Thursday, October 26, 2023

THINKER'S ALMANAC - October 29

How did Malcolm X experience the feeling of being truly free while locked up in a prison cell?

Subject:  Literacy Narrative - Malcolm X’s Prison Studies

Event:  The Autobiography of Malcolm X published, 1965


To learn to read is to light a fire; every syllable that is spelled out is a spark. -Victor Hugo


Black nationalist leader Malcolm X was born on this day in 1925 in Omaha, Nebraska. Born Malcolm Little, he considered Little his slave name, so he replaced it with an X to represent the lost name of his African tribal ancestors.



                                                     Malcolm X - Image by WikiImages from Pixabay 


When he was 21 years old, Malcolm was convicted of burglary and received a ten-year sentence.  In prison, Malcolm transformed his life through voracious reading and study. He stopped using drugs and became a member of the Nation of Islam.  After his early release from prison in 1952, Malcolm became a spokesman for the Nation of Islam. Like Martin Luther King’s quest for civil rights, Malcolm advocated for racial equality.  However, unlike King’s tactics of nonviolent resistance, Malcolm promoted a more militant approach, saying “There’s no such thing as a nonviolent revolution.” Shortly before he died, Malcolm left the Nation of Islam.  While preparing to give a speech in New York, he was assassinated on February 21, 1965.


In his autobiography, Malcolm recounts the events that led to his education behind bars.  With time on his hands, he attempted to read but due to his limited vocabulary, he could comprehend few of the words on the page.  To remedy this he decided to study a dictionary. Beginning with the letter A, he read and copied by hand page after page and soon discovered that he was learning more than just vocabulary:  “With every succeeding page, I also learned of people and places and events from history. Actually, the dictionary is like a miniature encyclopedia.”

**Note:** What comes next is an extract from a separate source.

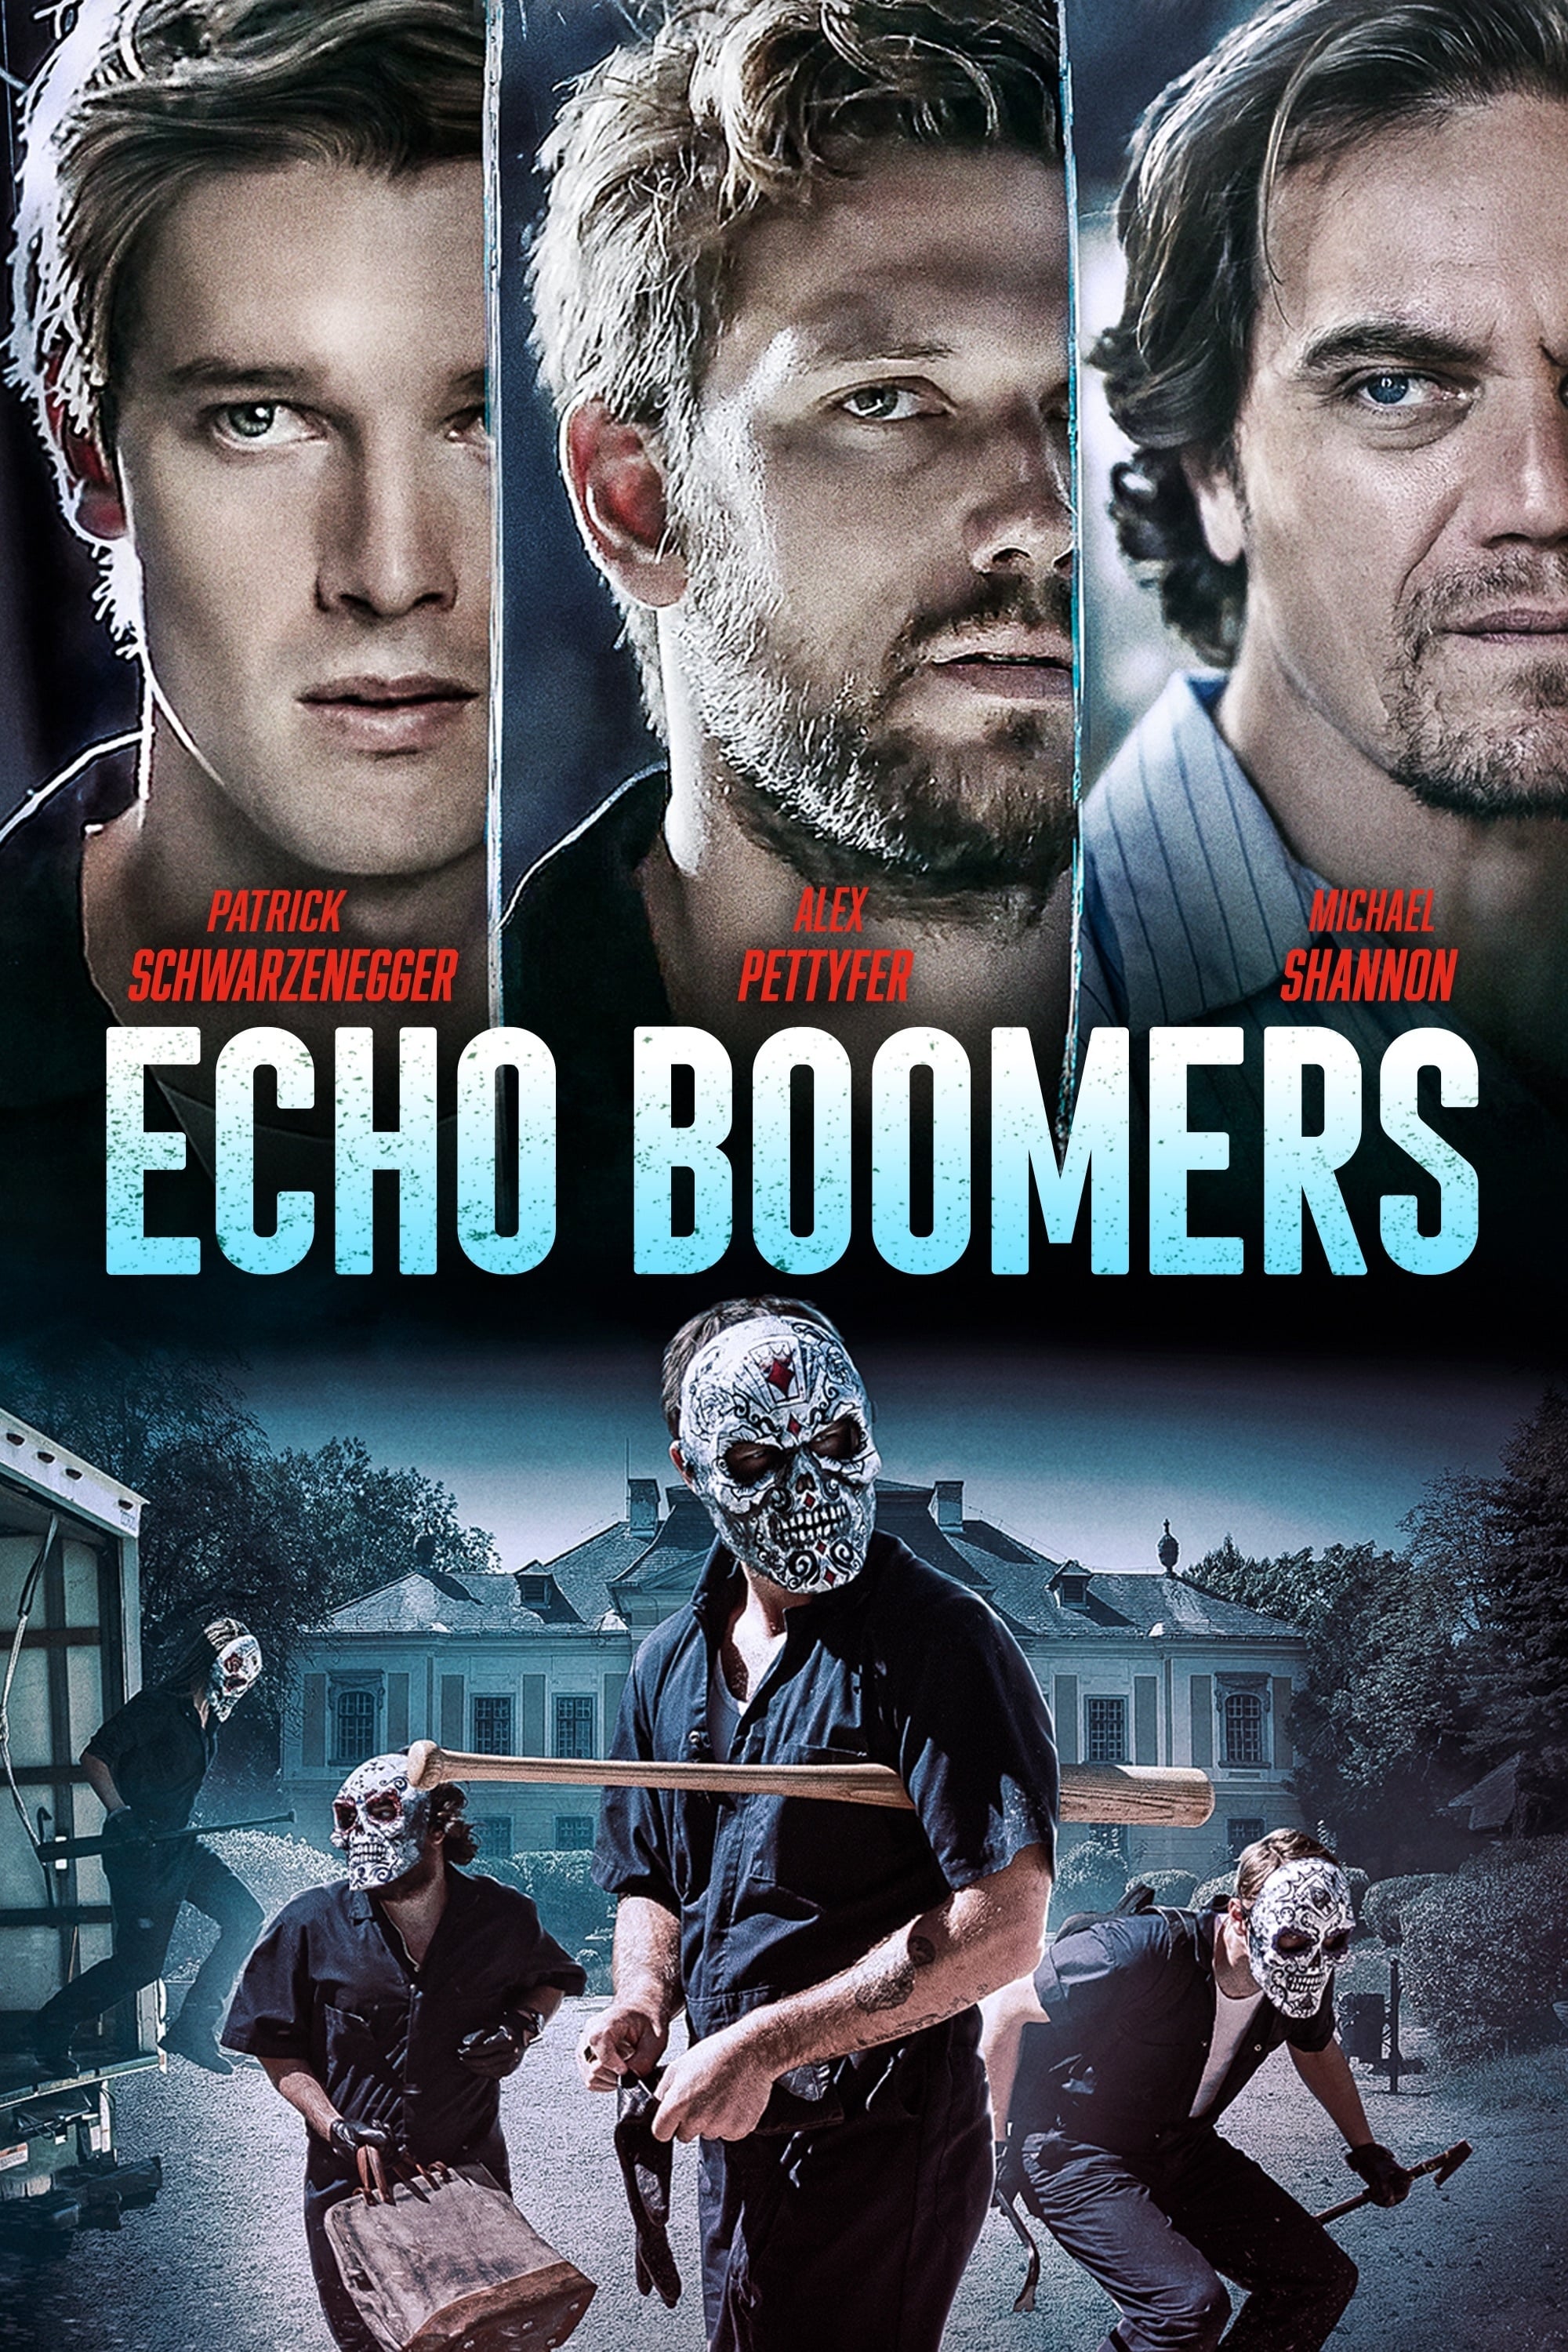 2020 Echo Boomers

As his knowledge base and vocabulary grew, Malcolm turned to other books besides the dictionary, reading in every free moment during the day, and well into the night by a small corridor light outside his jail cell.

Talking about his prison studies, Malcolm says:  


I never have been so truly free in my life. . . . the ability to read awoke inside me some long dormant craving to be mentally alive . . . . My homemade education gave me, with every additional book that I read, a little bit more sensitivity to the deafness, dumbness, and blindness that was afflicting the black race in America.


Recall, Retrieve, Recite, Ruminate, Reflect, Reason:  Why did Malcolm X begin reading the dictionary while he was in prison?


Challenge - Your Love Letter to Literacy:  What are some memorable experiences that would be in your autobiography regarding your acquisition of literacy?  What do you remember about learning to read, about learning to write, and about being influenced by books?  Imagine you are writing your autobiography and that it must include a literacy narrative, that is a story of your experiences with learning to read and write.  Write about a specific incident from your life that is related to books, reading, or writing.  Also, consider the people who have influenced your experiences with literacy. 



ALSO ON THIS DAY:

October 29, 1969:  On this day a graduate student at UCLA named Charley Kline established, via telephone, a connection between the UCLA computer lab and the computer lab at Stanford. The message Kline sent that day was the first sent over an Internet connection.  Foreshadowing connection problems to come, the first message that Kline attempted was a single word: “login.” Only the first two letters “L” and “O” were received before the connection crashed.